While it would be churlish to suggest that it’s the endorsement of Bon Iver’s Justin Vernon that has been the driving force behind Bruce Hornsby’s late-career renaissance, it certainly hasn’t done any harm.
Vernon has openly admitted that his 2011 song, Beth/Rest, was an attempt to capture the magic of some of Hornsby’s ‘80s pop-piano productions, and the pair have ended up collaborating on various projects over the past decade, both live and in the studio.
Now, in an interview with Uncut, Hornsby has been discussing how he first heard about Vernon’s band, and the first song of theirs that really gave him the feels.
“Around 2013 I started getting all these Google alerts about this group Bon Iver, because Justin Vernon was shouting me out in the press,” he says. “Of course, I was curious, so I checked out the music and it just floored me, it was so amazingly gorgeous. And what a singer!”

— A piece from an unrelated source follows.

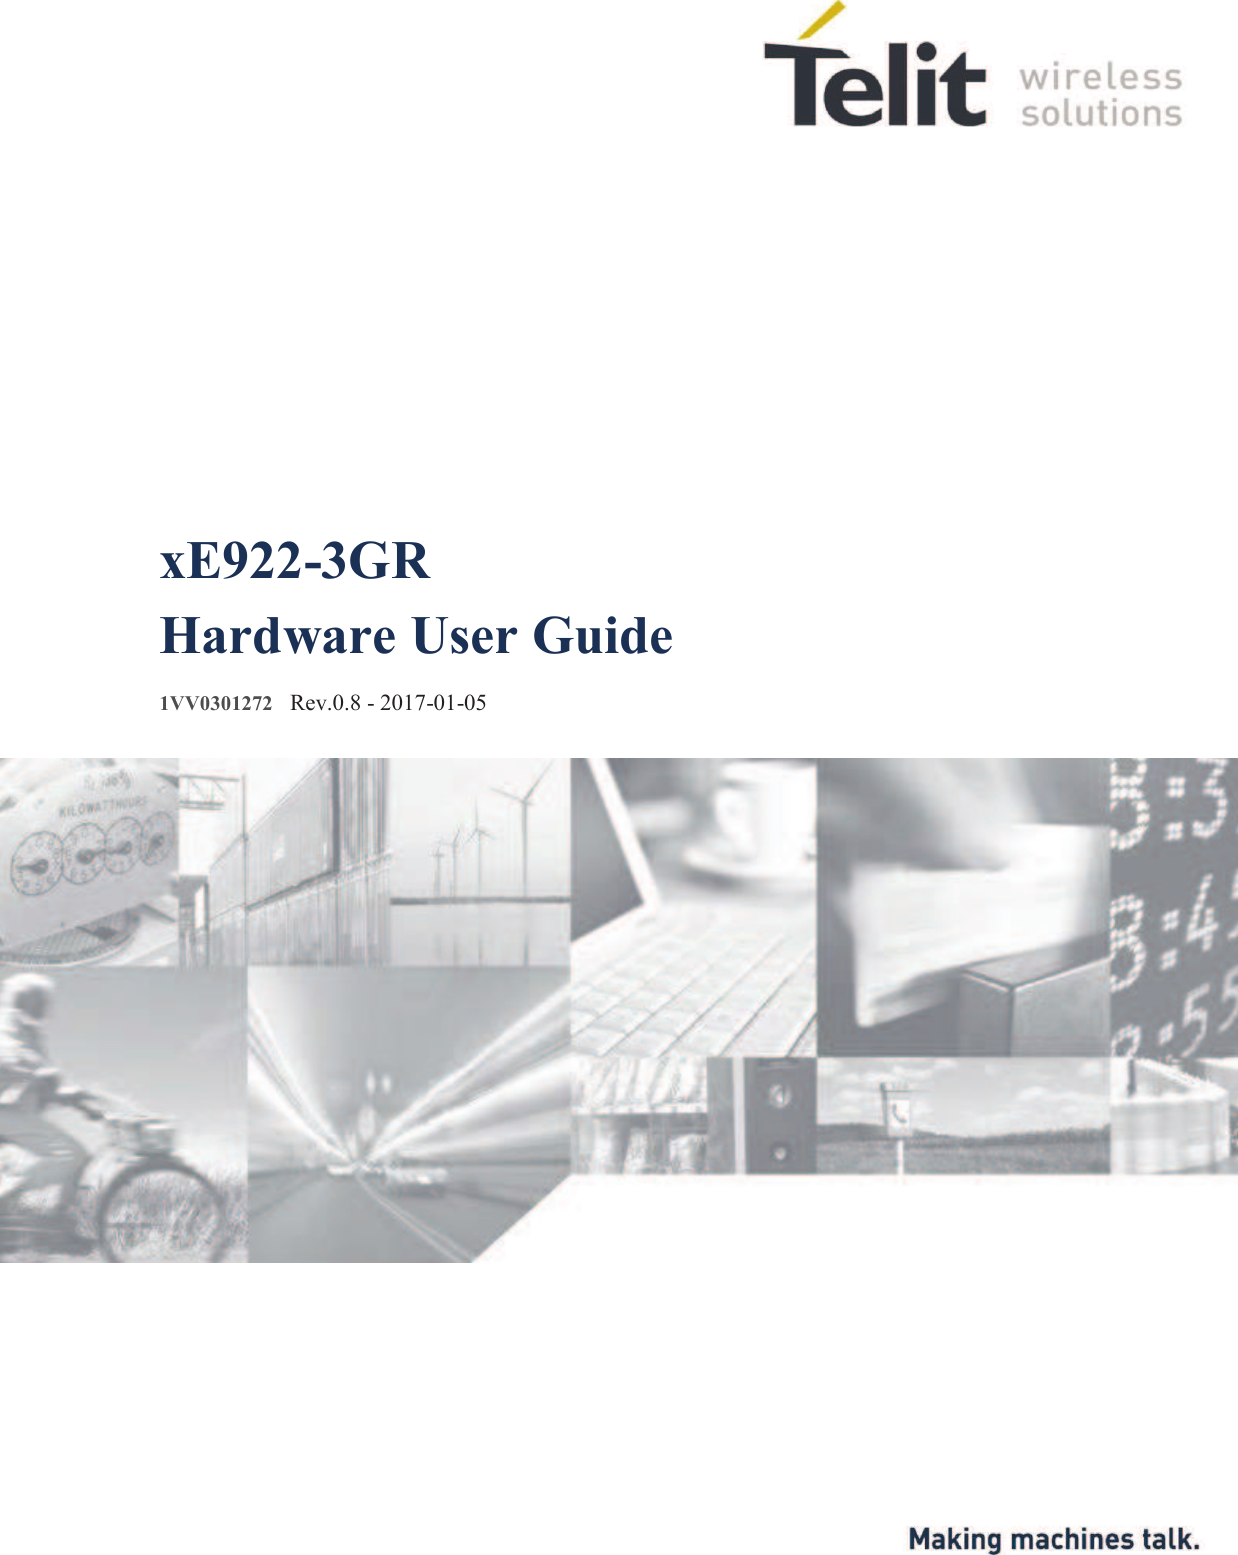                      xE922-3GR Hardware User Guide  1VV0301272   Rev.0.8 - 2017-01-05

While Hornsby might be a fan of Bon Iver’s earlier work, it’s a track from 2016 album 22, A Million that he picks out for special praise.
“This one song, 8 (Circle), was transformative and transcendent. His layered vocals are crazy, all the harmonies that he puts together. It’s very special, and I was so fortunate to be drawn into that world.”
It is, indeed, a ‘choon’ – one that borrows some of Hornsby’s own harmonic sensibilities, we might suggest.
Fittingly, Hornsby would go on to perform the aforementioned Beth/Rest alongside Justin Vernon at the Bon Iver frontman’s Eaux Claires festival in 2016, and the two have also collaborated live on I Can’t Make You Love Me, the 1991 Bonnie Raitt hit that Hornsby played on and Vernon covered in 2011.